Adieu, maman, j’ai mal au talon ; vous me garderez, s’il vous
plaît, depuis midi jusqu’à trois heures, et puis vogue la galère !
Voilà, ma petite sœur, comme font les gens raisonnables. »
Cette petite scène est parfaite ; elle laisse bien voir, par le contraste, ce que madame de Sévigné et sa fille ne faisaient pas, et
ce qu’elles auraient dû faire.
Plusieurs lettres de cette année 1677, où madame de Sévigné s’occupe, avec une tendre sollicitude, des enfants de madame de Grignan, de ses chers pichons, comme elle les appelait, nous offrent l’occasion de les faire connaître. Madame de Sévigné ne voulait que personne prît dans son cœur la place unique qu’elle gardait à sa fille, et se défendait vivement de ce sentiment si souvent observé chez les grand’mères, qui leur fait aimer les enfants de leurs enfants plus passionnément encore que ceux-ci. Elle répétait souvent à sa fille « qu’elle ne comprenait pas que ce degré pût jamais lui passer par-dessus la tête, et que ses entrailles n’avaient pas pris le train des tendresses d’une grand’mère. » — « Je suis à vous par-dessus tout ; vous savez combien je suis loin de la radoterie, qui fait passer violemment l’amour maternel aux petits-enfants ; le mien est demeuré tout court au premier étage, et je n’aime ce petit peuple que pour l’amour de vous. » Toutefois cet amour par réverbétation ne fut pas trop faible ni trop froid, et madame de Sévigné ne s’arrêta pas si court au premier étage, qu’elle négligeât tout à fait le second.

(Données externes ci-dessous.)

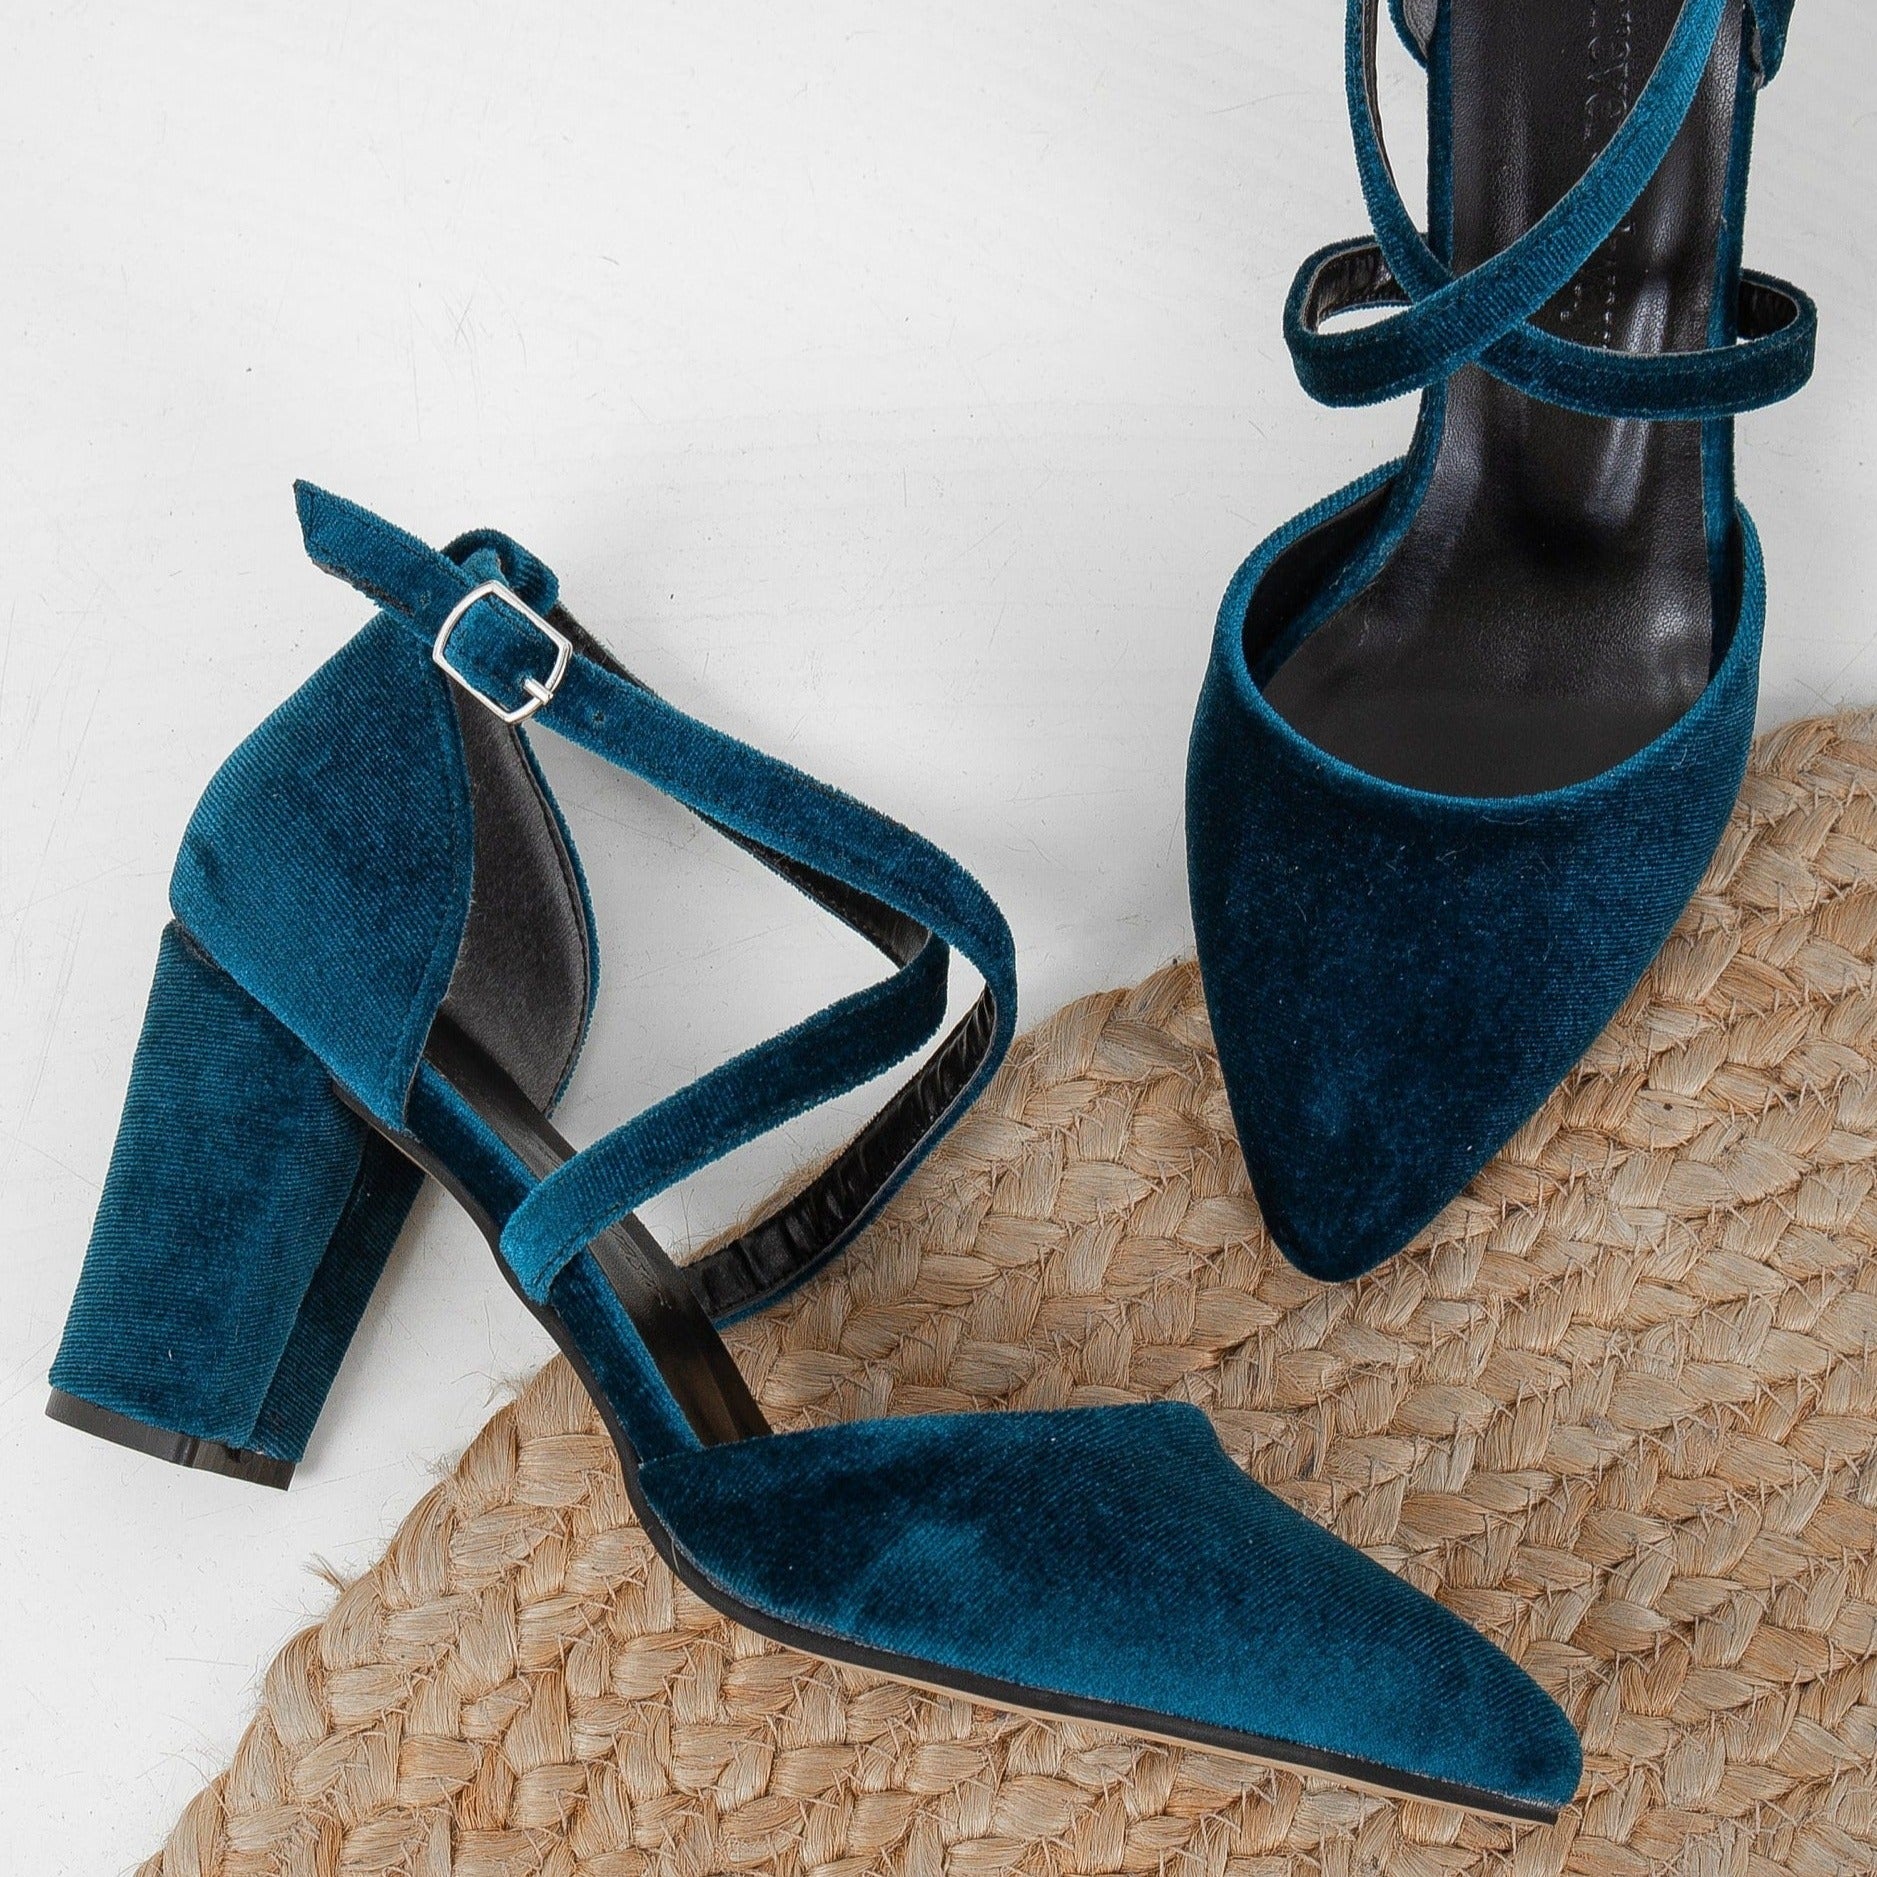 Teal Blue Velvet Court Shoes with a Low Kitten Heel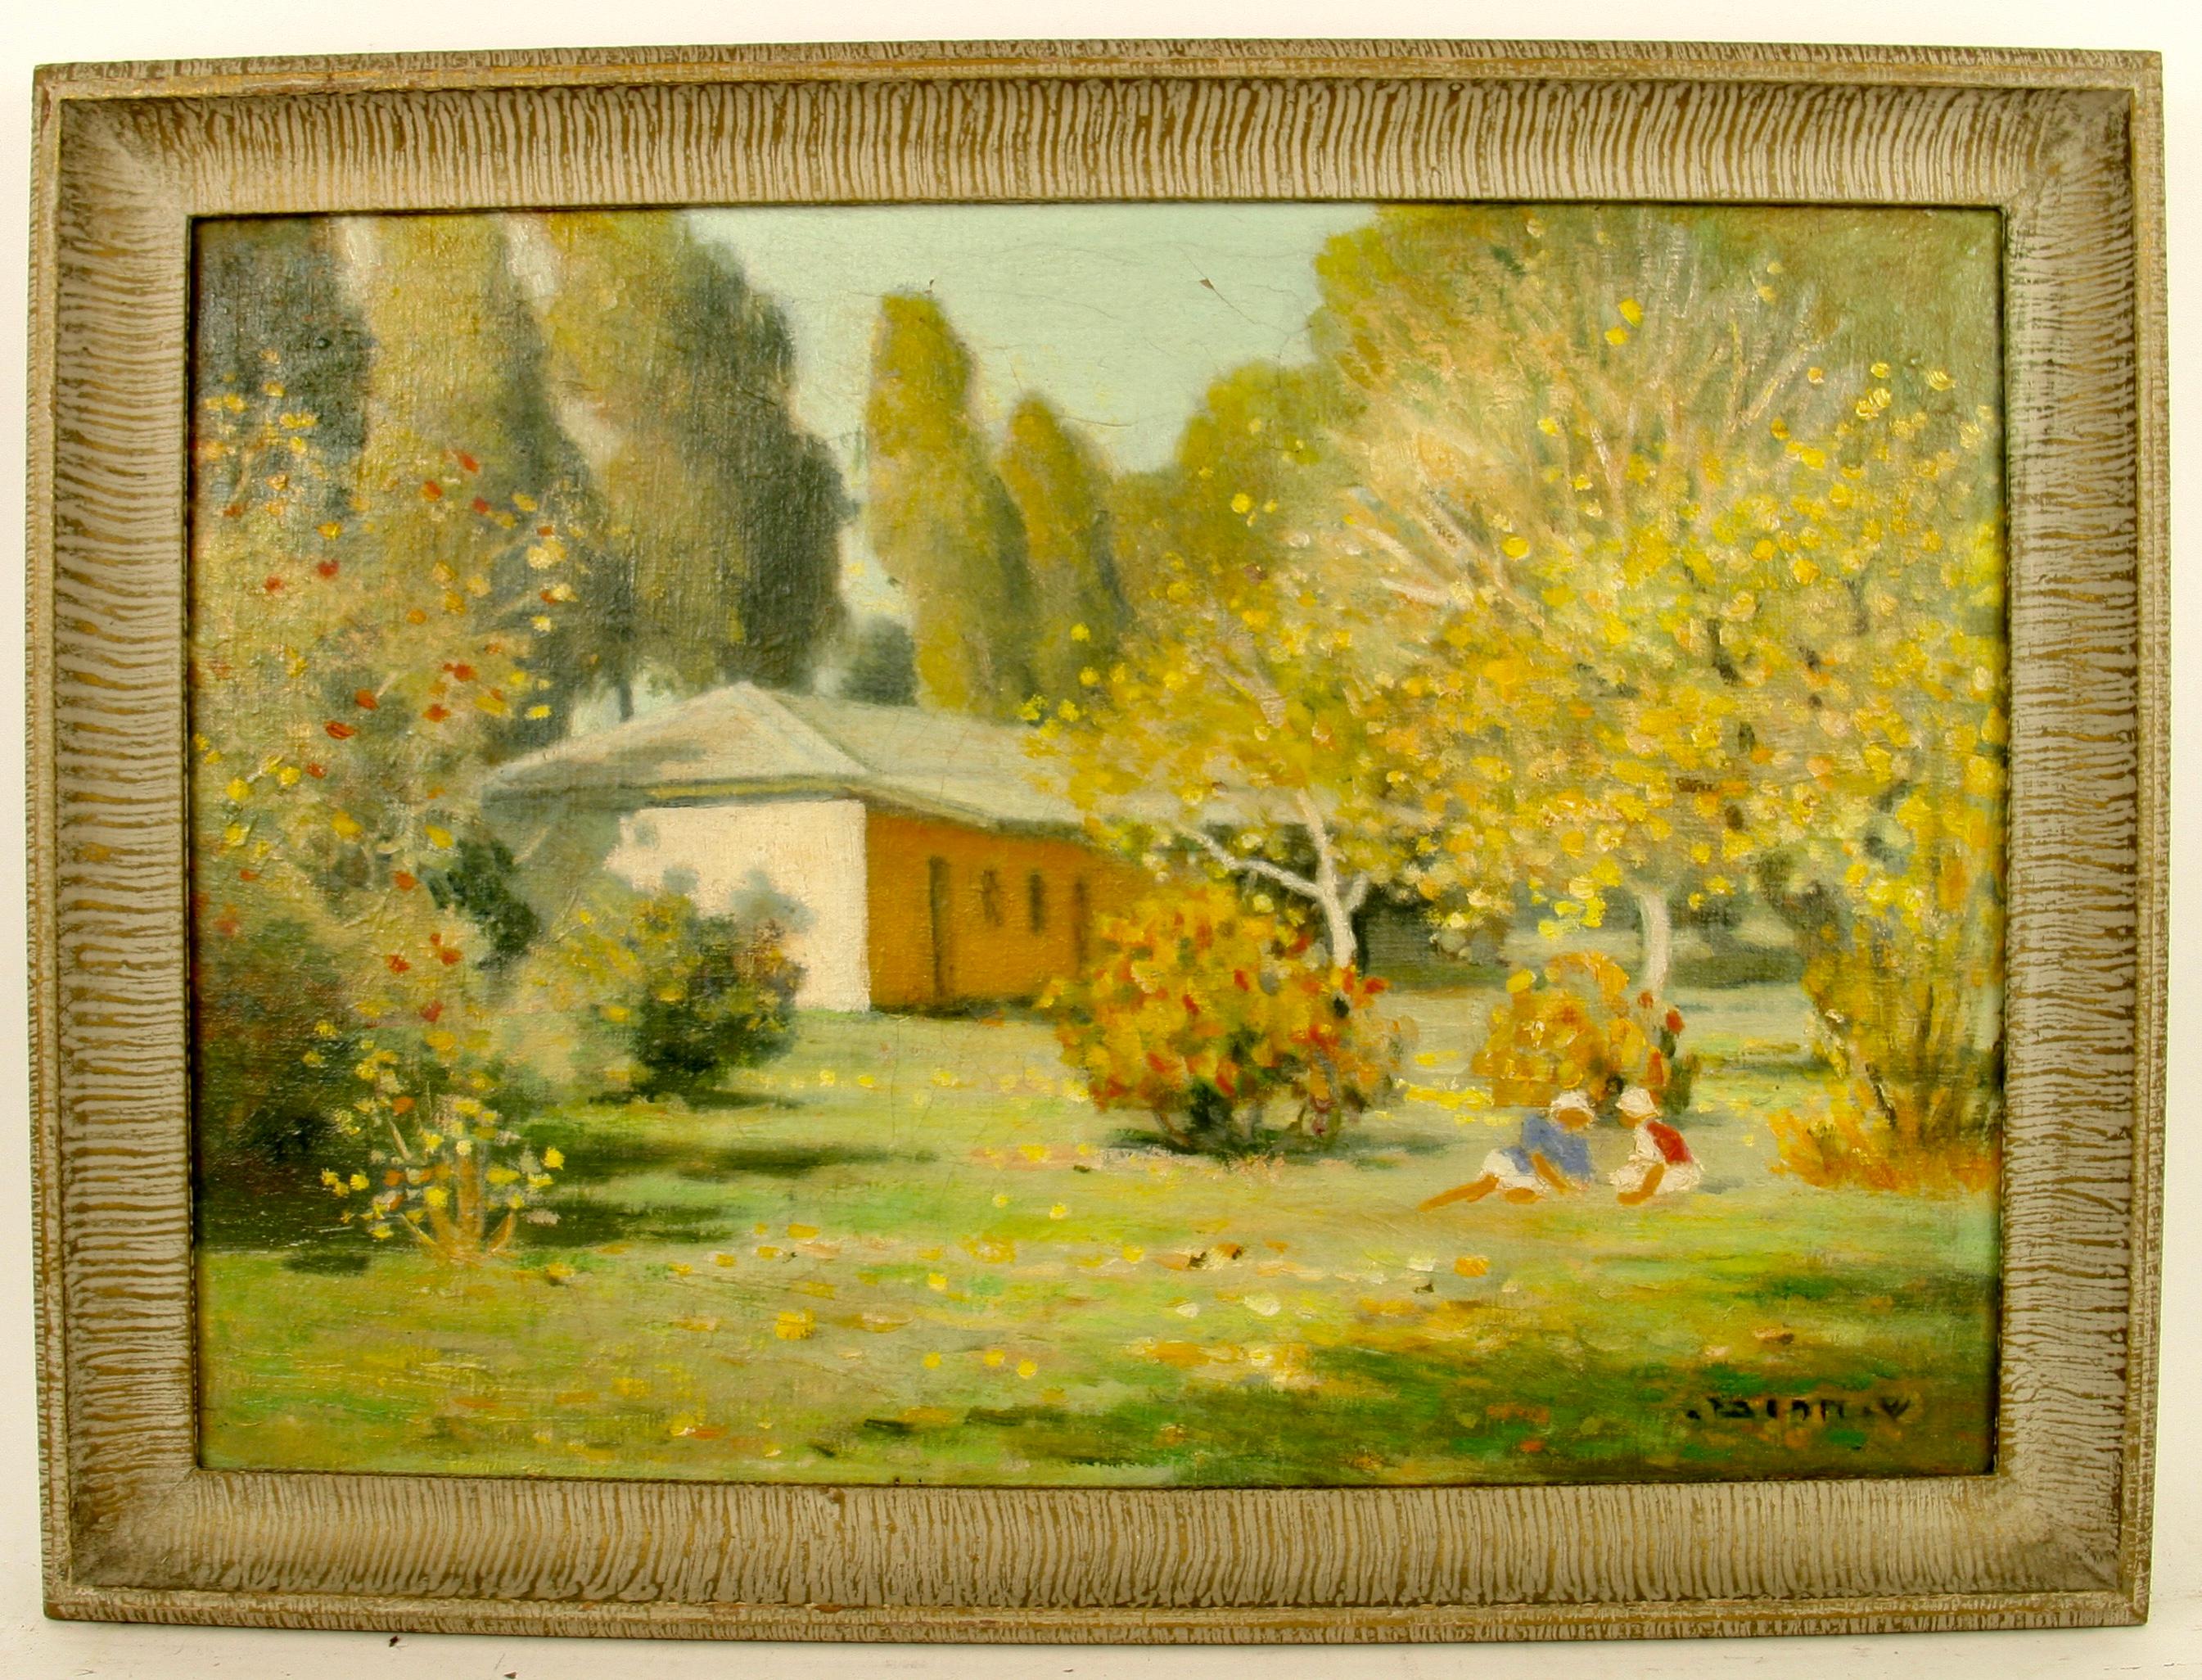 Antique Impressionistic Landscape Oil Painting  with Children Circa 1940's For Sale 3

Elle semble quelquefois, plus que madame de Grignan elle-même, la vraie mère de cette petite famille. De loin elle la surveille ; elle y démêle les inclinations et les caractères ; elle y devine les chagrins et les excès de sévérité ; elle la protège de sa sagesse et de son indulgence ; son rôle est sans cesse d’aiguillonner et d’éclairer la tendresse de la mère.
Nous n’avons encore parlé que de l’aînée de ces enfants, de MarieBlanche, née en 1670, et que madame de Sévigné avait surnommée ses petites entrailles. Madame de Grignan avait encore deux autres enfants, deux seulement, plusieurs de ses couches ayant été malheureuses. L’un était Louis-Provence, né à Lambesc le 17 novembre 1671 ; l’autre Pauline (qui fut madame de Simiane), née à Paris en 1674.